▶ [SUPPLIED DATA]
[Start of section]

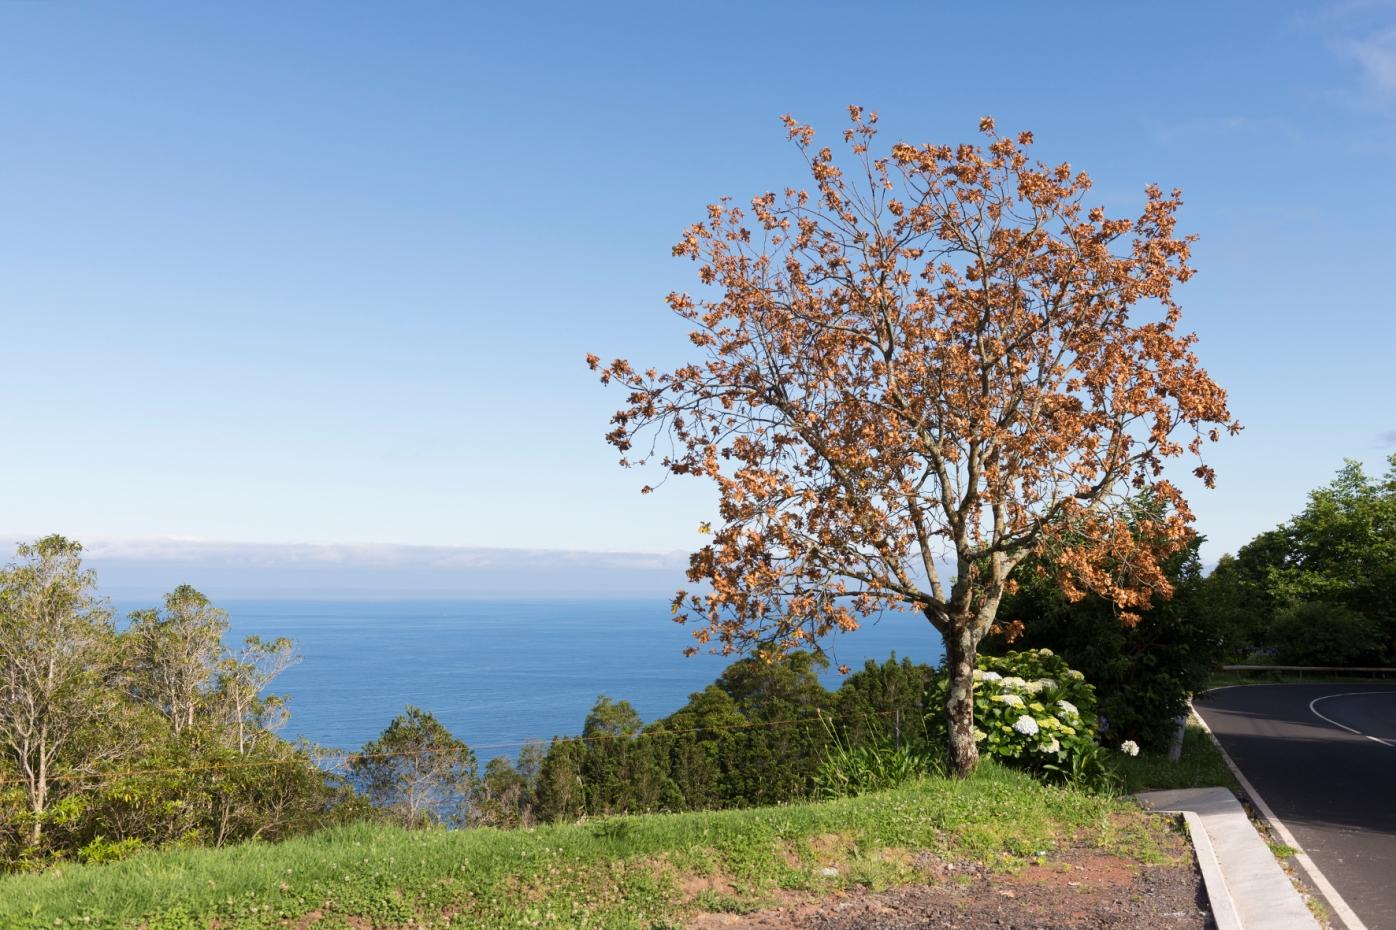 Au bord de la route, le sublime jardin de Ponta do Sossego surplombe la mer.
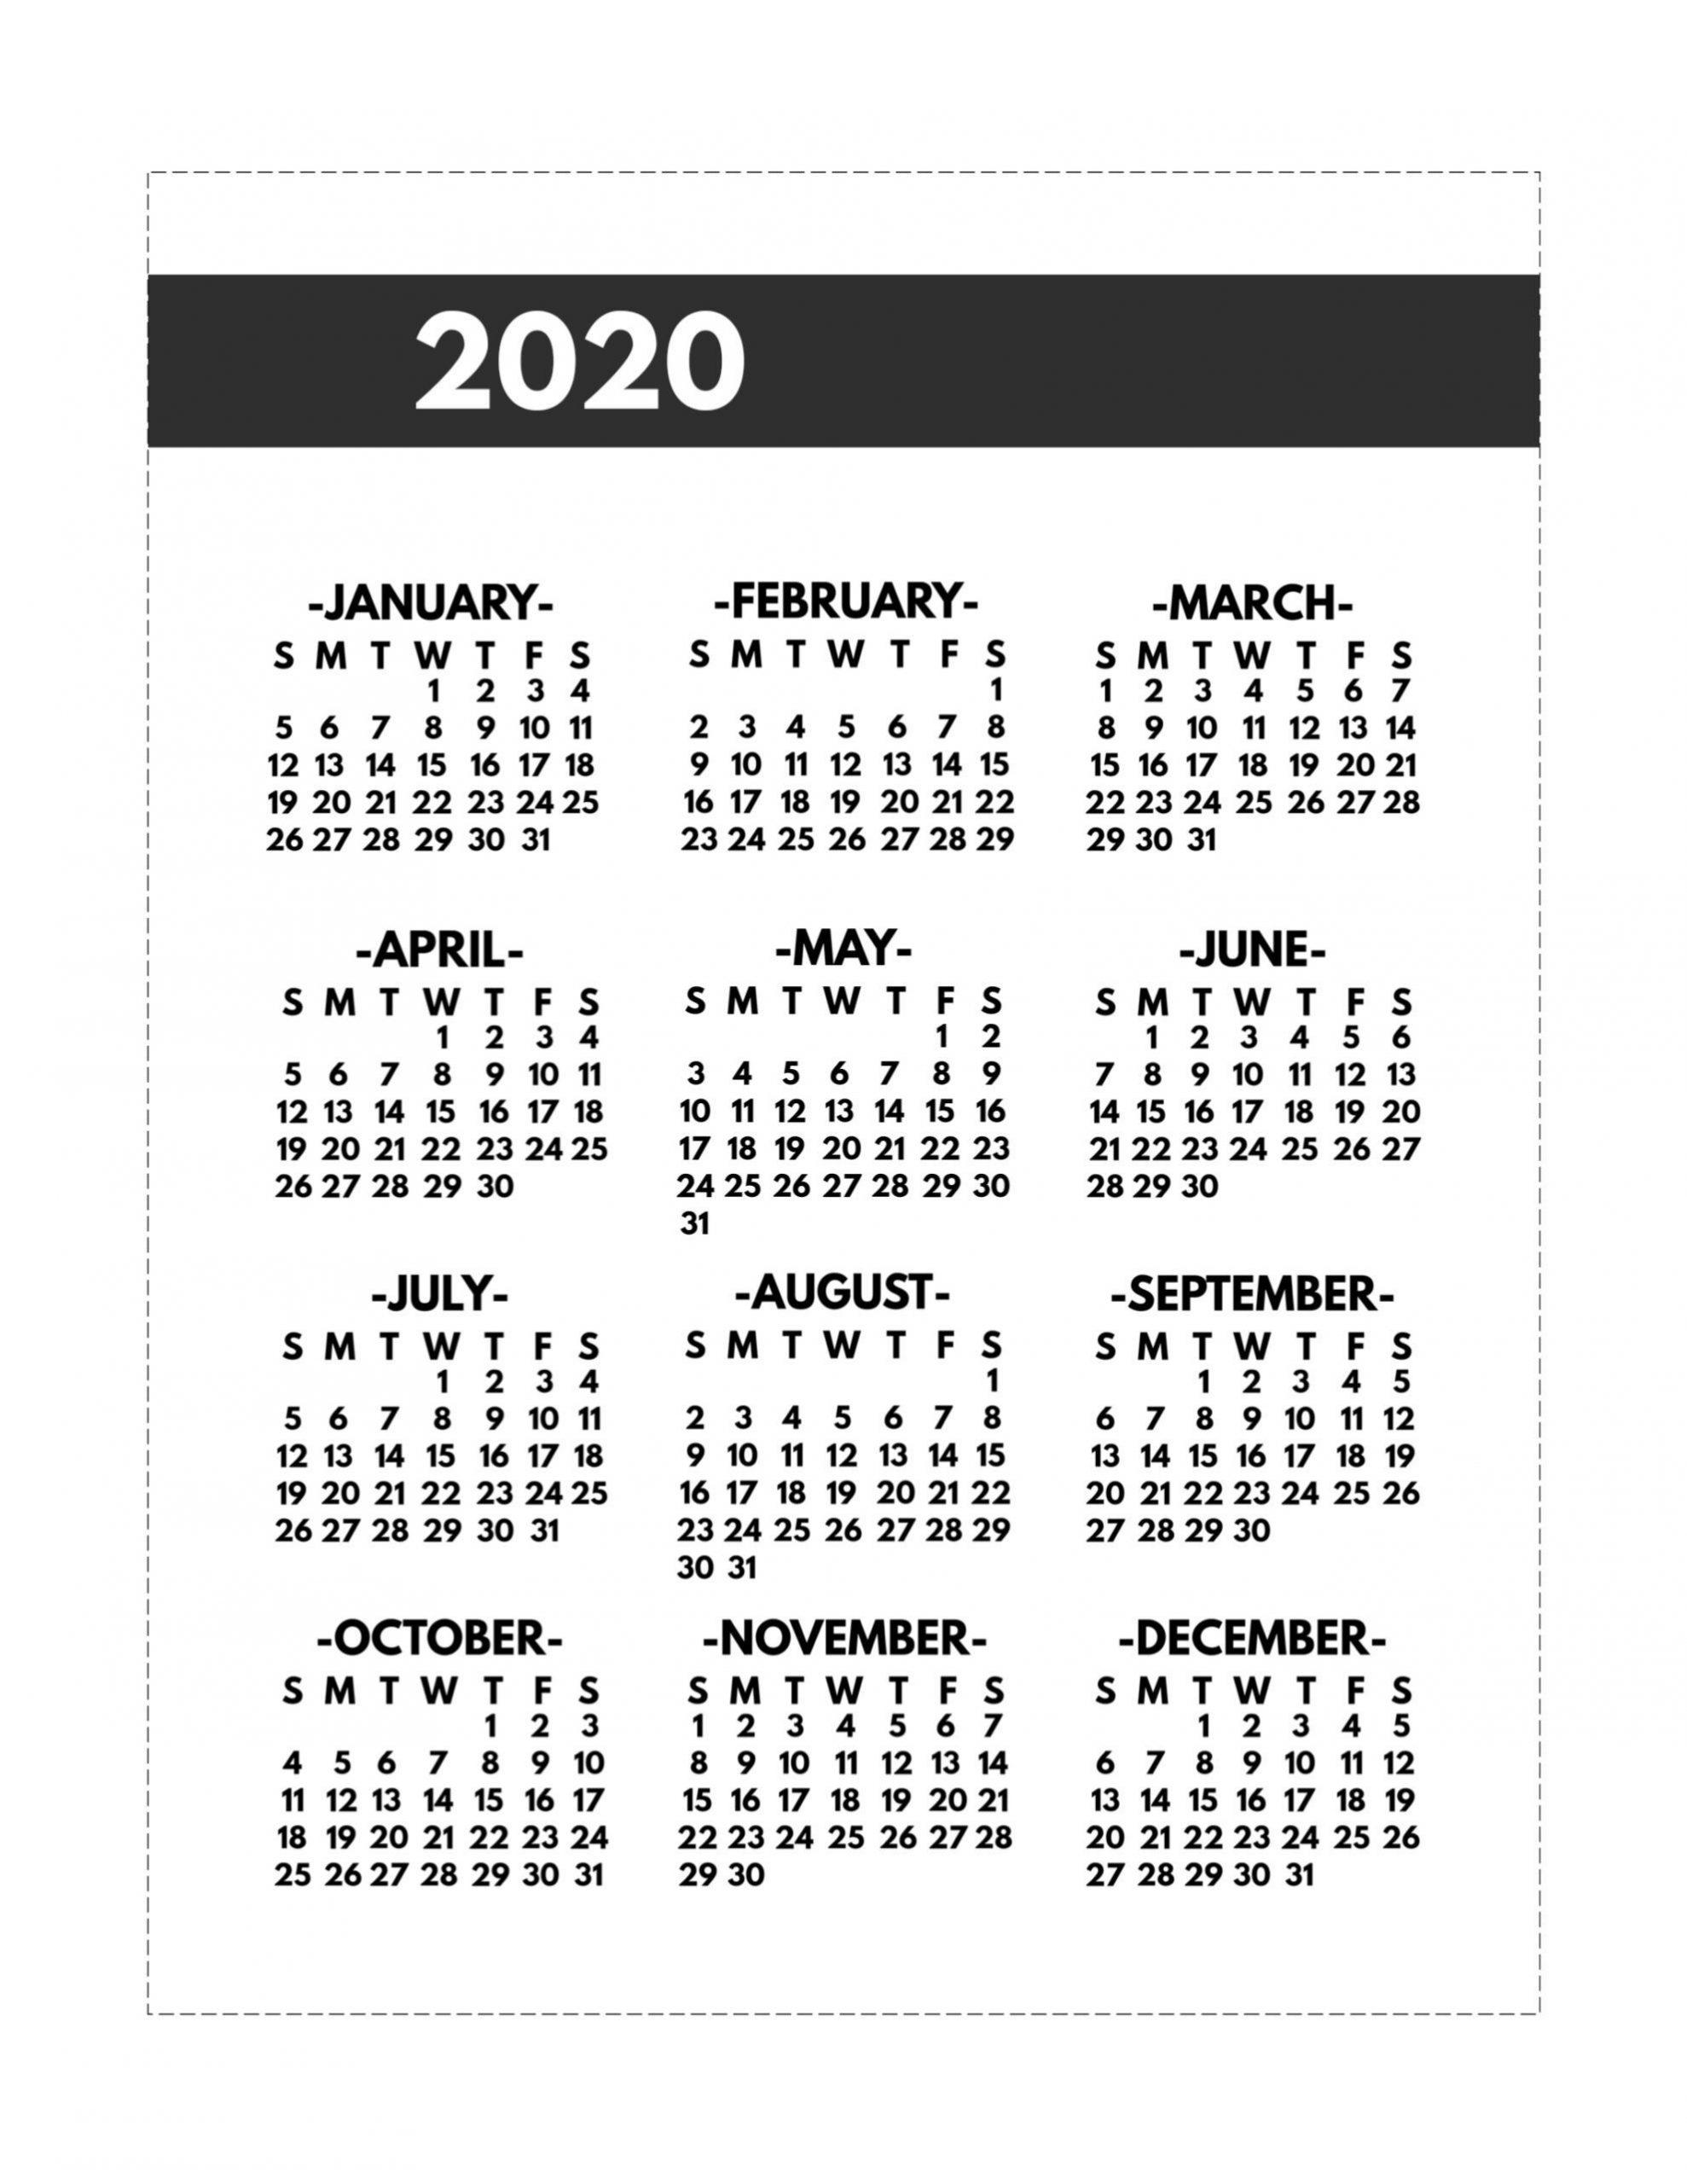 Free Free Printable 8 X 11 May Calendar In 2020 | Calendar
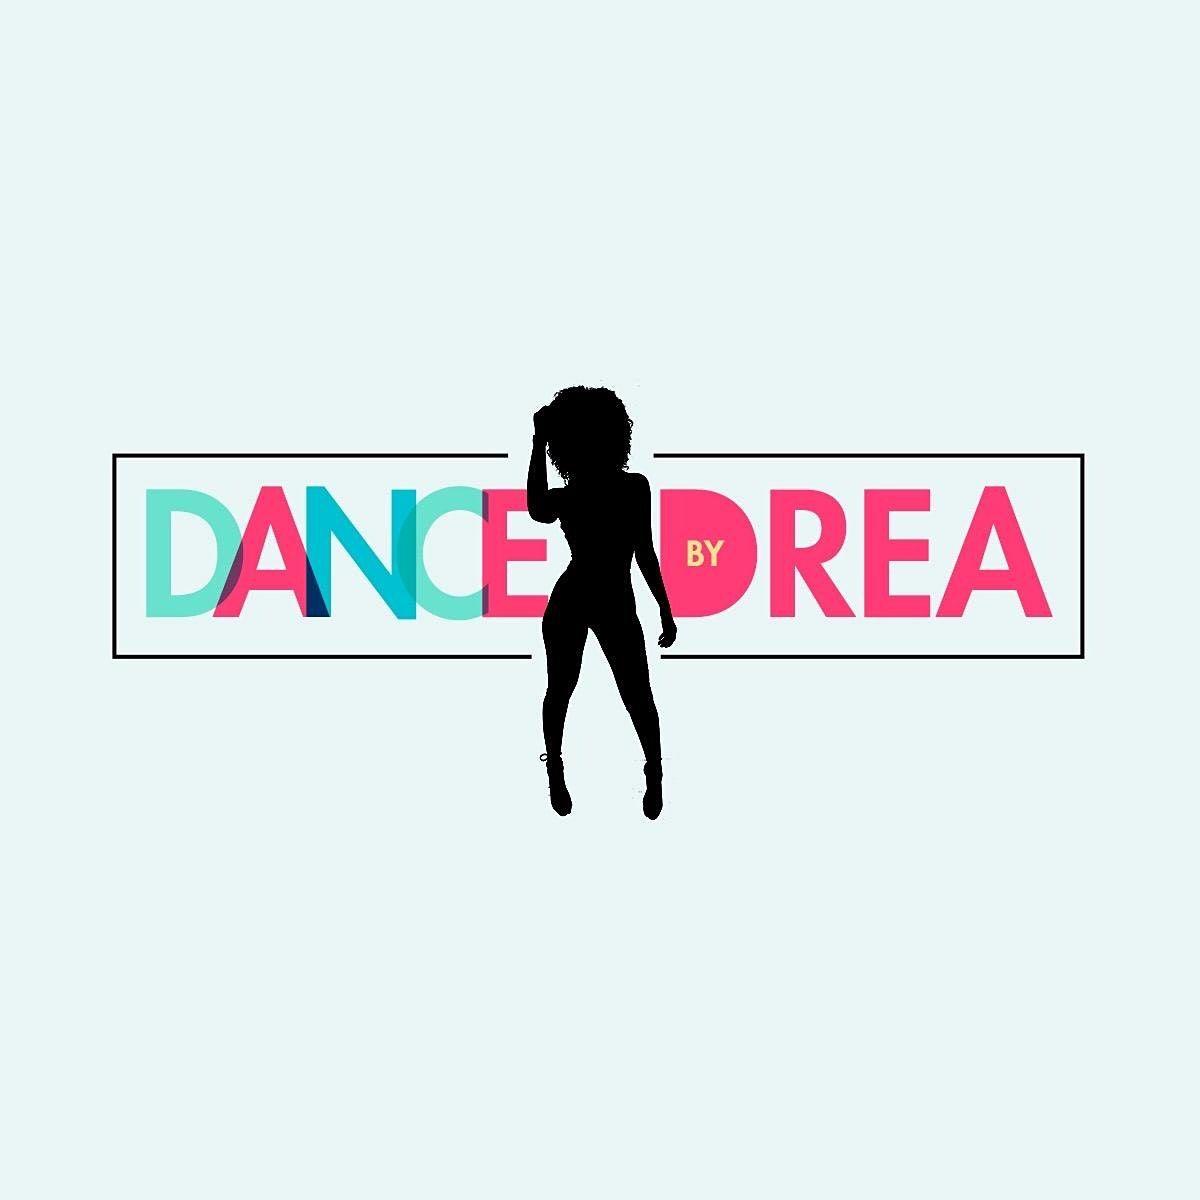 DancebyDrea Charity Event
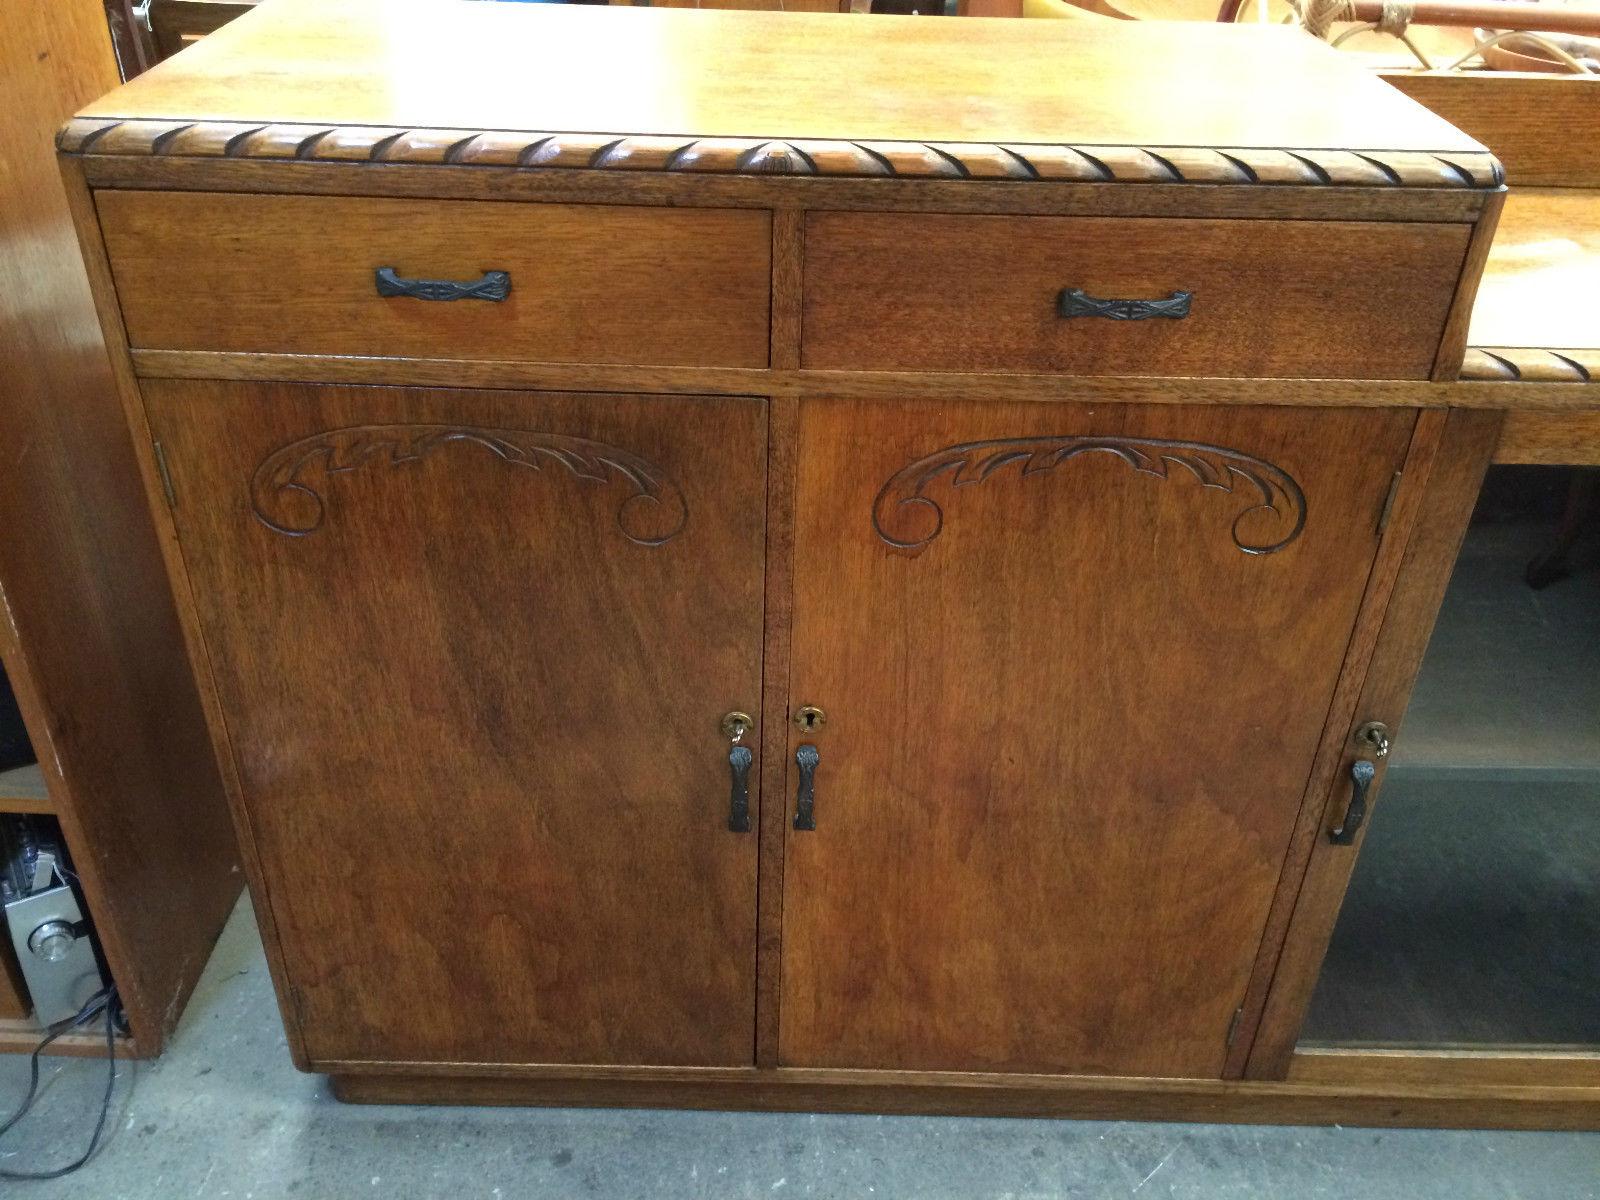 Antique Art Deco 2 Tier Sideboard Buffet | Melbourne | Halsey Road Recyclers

[End of section]

▶ [EXERCISE GOAL] Apart from the images, every line above needs to be printed again exactly.

▶ [EXPECTED ANSWER]
 Au bord de la route, le sublime jardin de Ponta do Sossego surplombe la mer.
 Free Free Printable 8 X 11 May Calendar In 2020 | Calendar
 DancebyDrea Charity Event
 Antique Art Deco 2 Tier Sideboard Buffet | Melbourne | Halsey Road Recyclers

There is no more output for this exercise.